The accident airplane was a twin-engine Beechcraft B200 King Air turboprop twin, which had been built in 1999 and put into service in 2000. It was powered by a pair of Pratt & Whitney PT6A-42 engines. The Safety Board’s report says the airplane was equipped with six seats. However, registration information for a previous owner showed that it had 11 seats. Such discrepancies with cabin-class airplanes with reconfigurable cabins are common. The four-blade Hartzell propellers had full feathering and reverse capabilities. King Air B200 airplanes like this one, using Hartzell propellers, are required to have an autofeather system operable for all flights. The system has to be armed for takeoff, climb, descent and landing. If an engine loses power, the system automatically feathers the prop on the bad engine.

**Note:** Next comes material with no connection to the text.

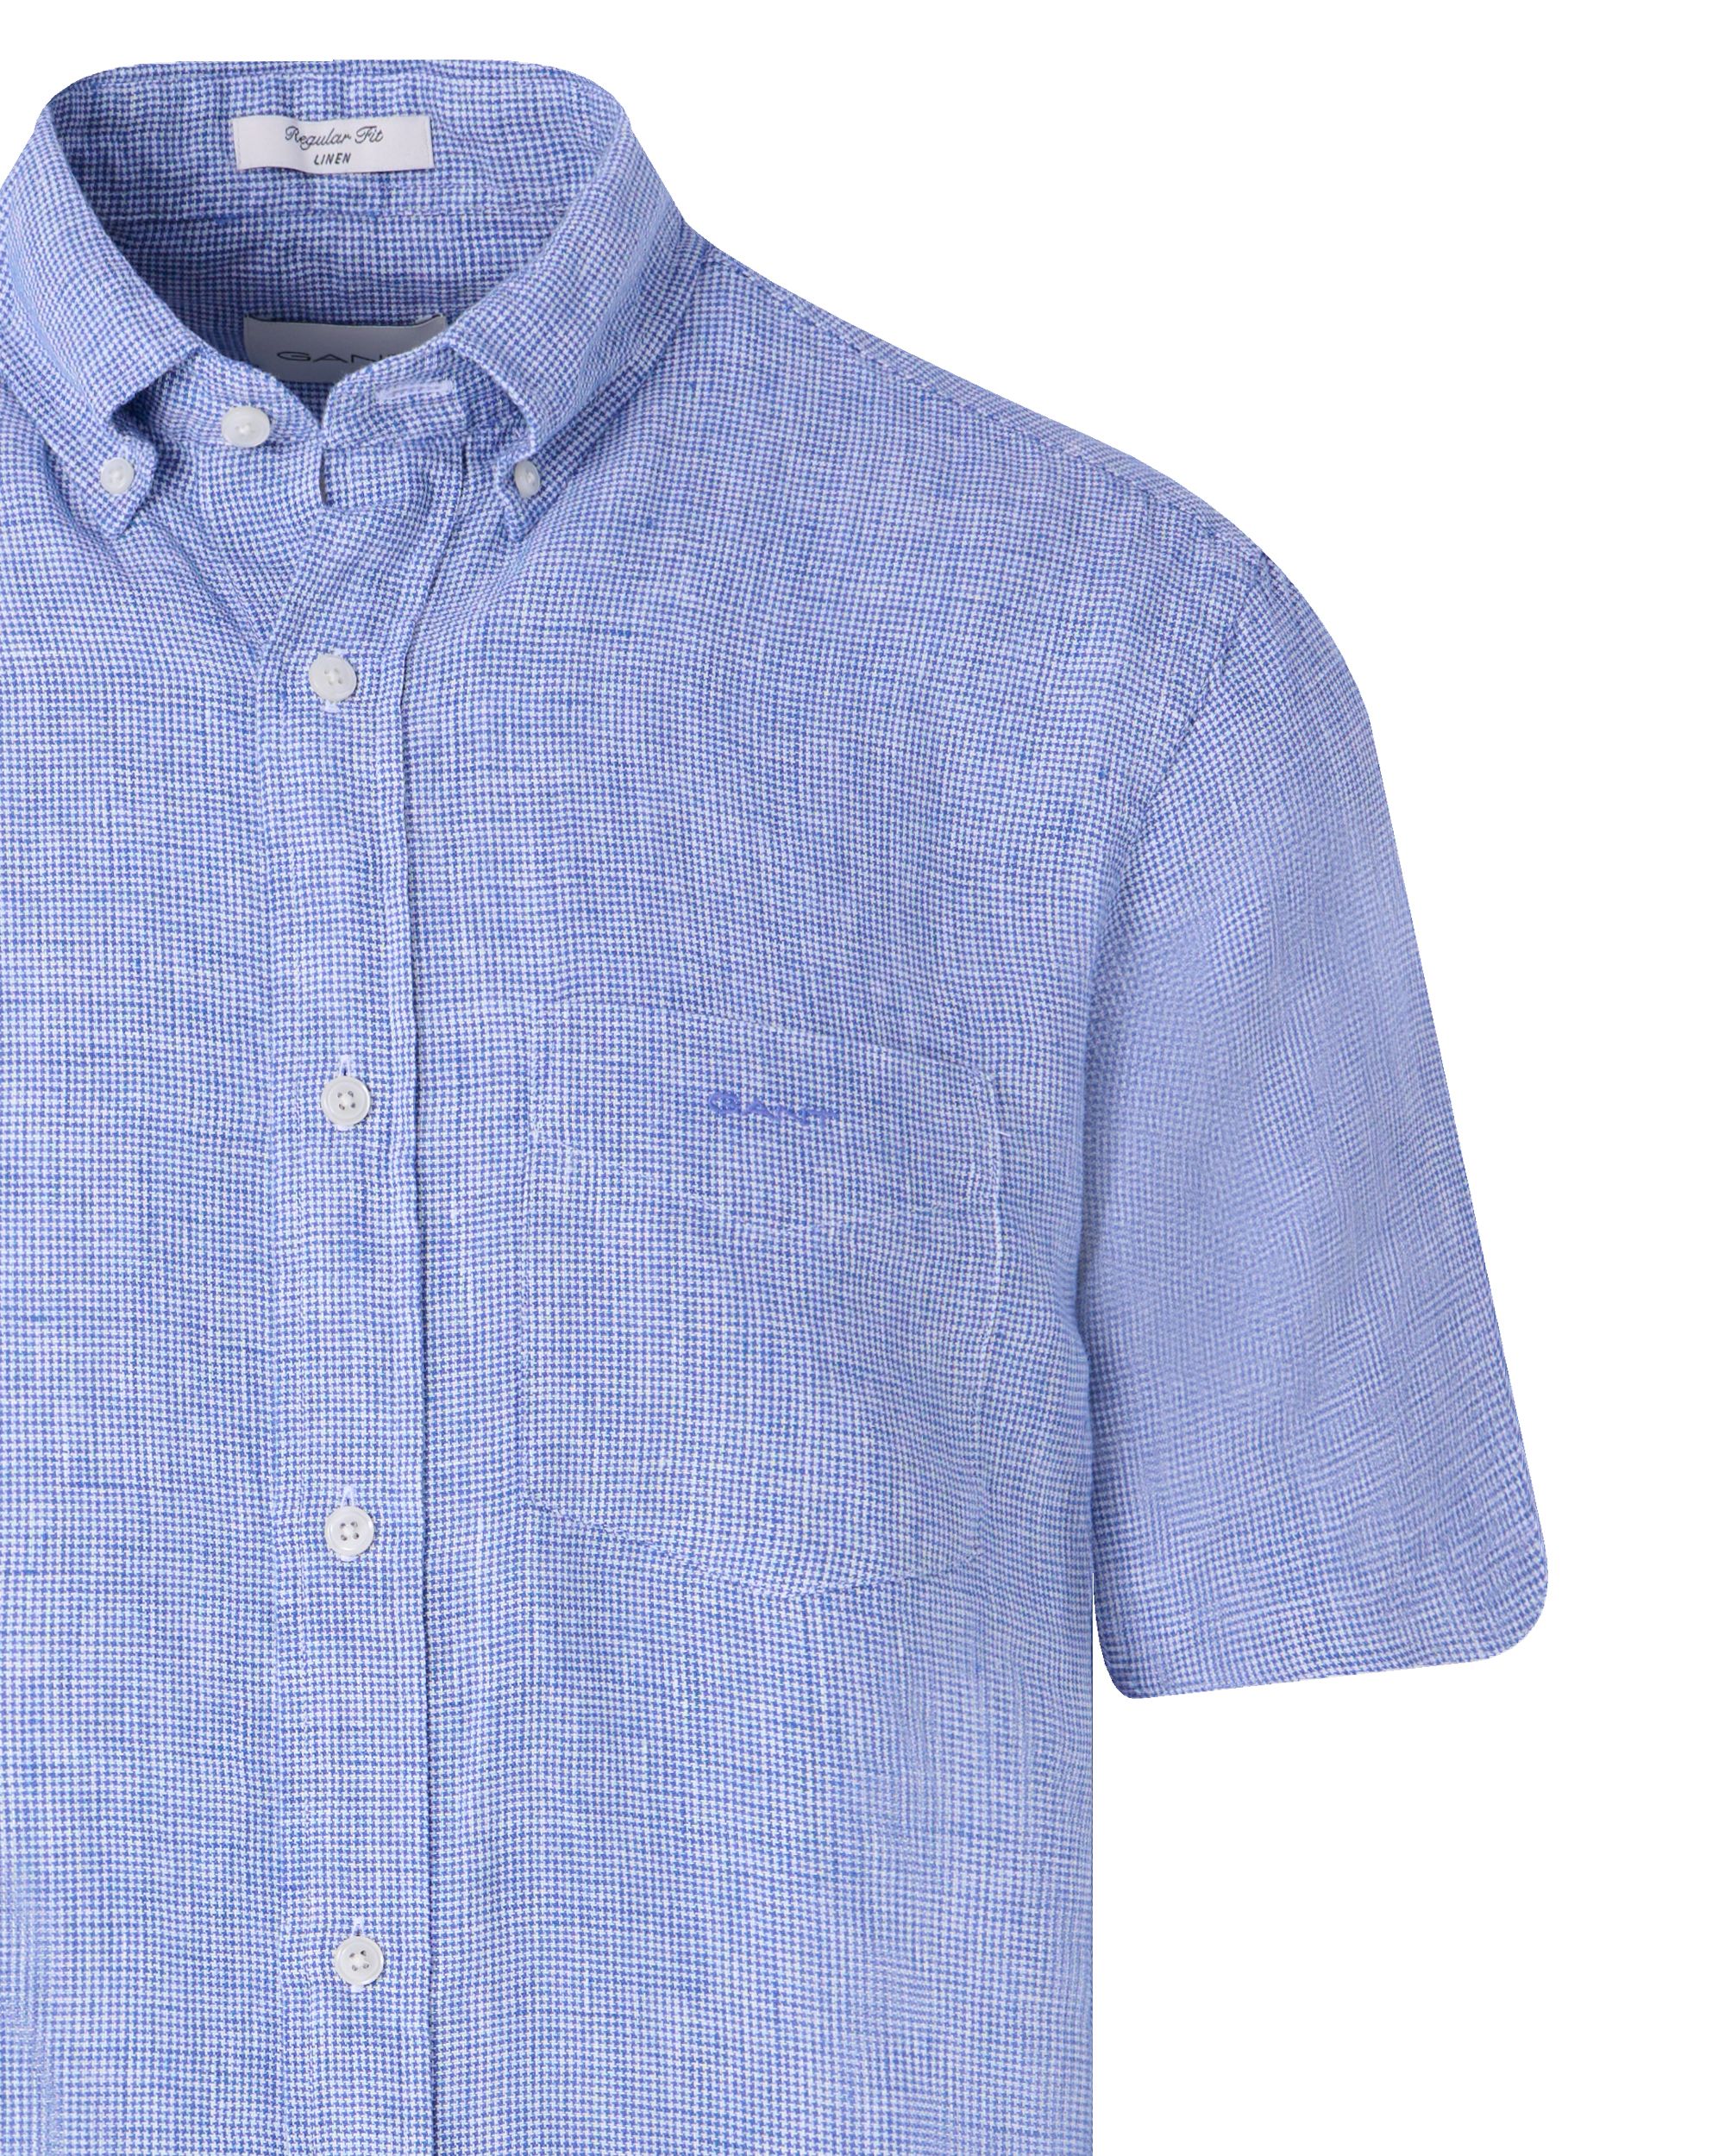 GANT Casual Overhemd KM Donker blauw 091651-001-L

At the same time, autofeather turns itself off for the good engine, so that the propeller on the good engine isn’t accidentally feathered. This can relieve the pilot of a tremendous burden: figuring out which engine just went dead, figuring out which foot you need to use on which rudder pedal to keep the airplane straight, and making sure you’re not about to feather the wrong prop. You can concentrate on other things and take comfort that automation is working hard to save your butt. On the other hand, if the problematic engine doesn’t lose enough power to trigger the autofeather system, the constant-speed propeller will keep turning and, in theory, help keep you in the air.
The airplane also had a rudder boost system to make it easier for the pilot to maintain directional control if there’s a significant difference in power output between the two engines. The rudder boost system was supposed to be turned on and tested before flight.
The B200 emergency procedures dealing with engine failure during takeoff say the pilot needs to do the following: be sure power is at the maximum allowable; maintain airspeed at or above takeoff speed; select landing gear up; don’t retard the failed engine’s power lever until the autofeather system has completely stopped prop rotation; and verify the prop is feathered or feather manually if autofeather isn’t installed.
The King Air had been purchased by a corporation based in Georgetown, Texas, two days before the accident. The accident flight was to reposition it to the Mena Intermountain Municipal Airport (KMEZ), Mena, Arkansas. It had undergone maintenance, and was returned to service nine days before the accident. The maintenance included hot-section inspections of the engines and overhaul of the right prop. During a test flight after maintenance, it was found that the pressurization system leaked too much, and engine temperature readings showed that the right engine was operating more efficiently than the left. The left throttle lever had to be pushed farther forward than the right lever to produce the same power. Further maintenance was performed, and during a test flight four days before the accident, it was noted that the throttle positions during flight now matched.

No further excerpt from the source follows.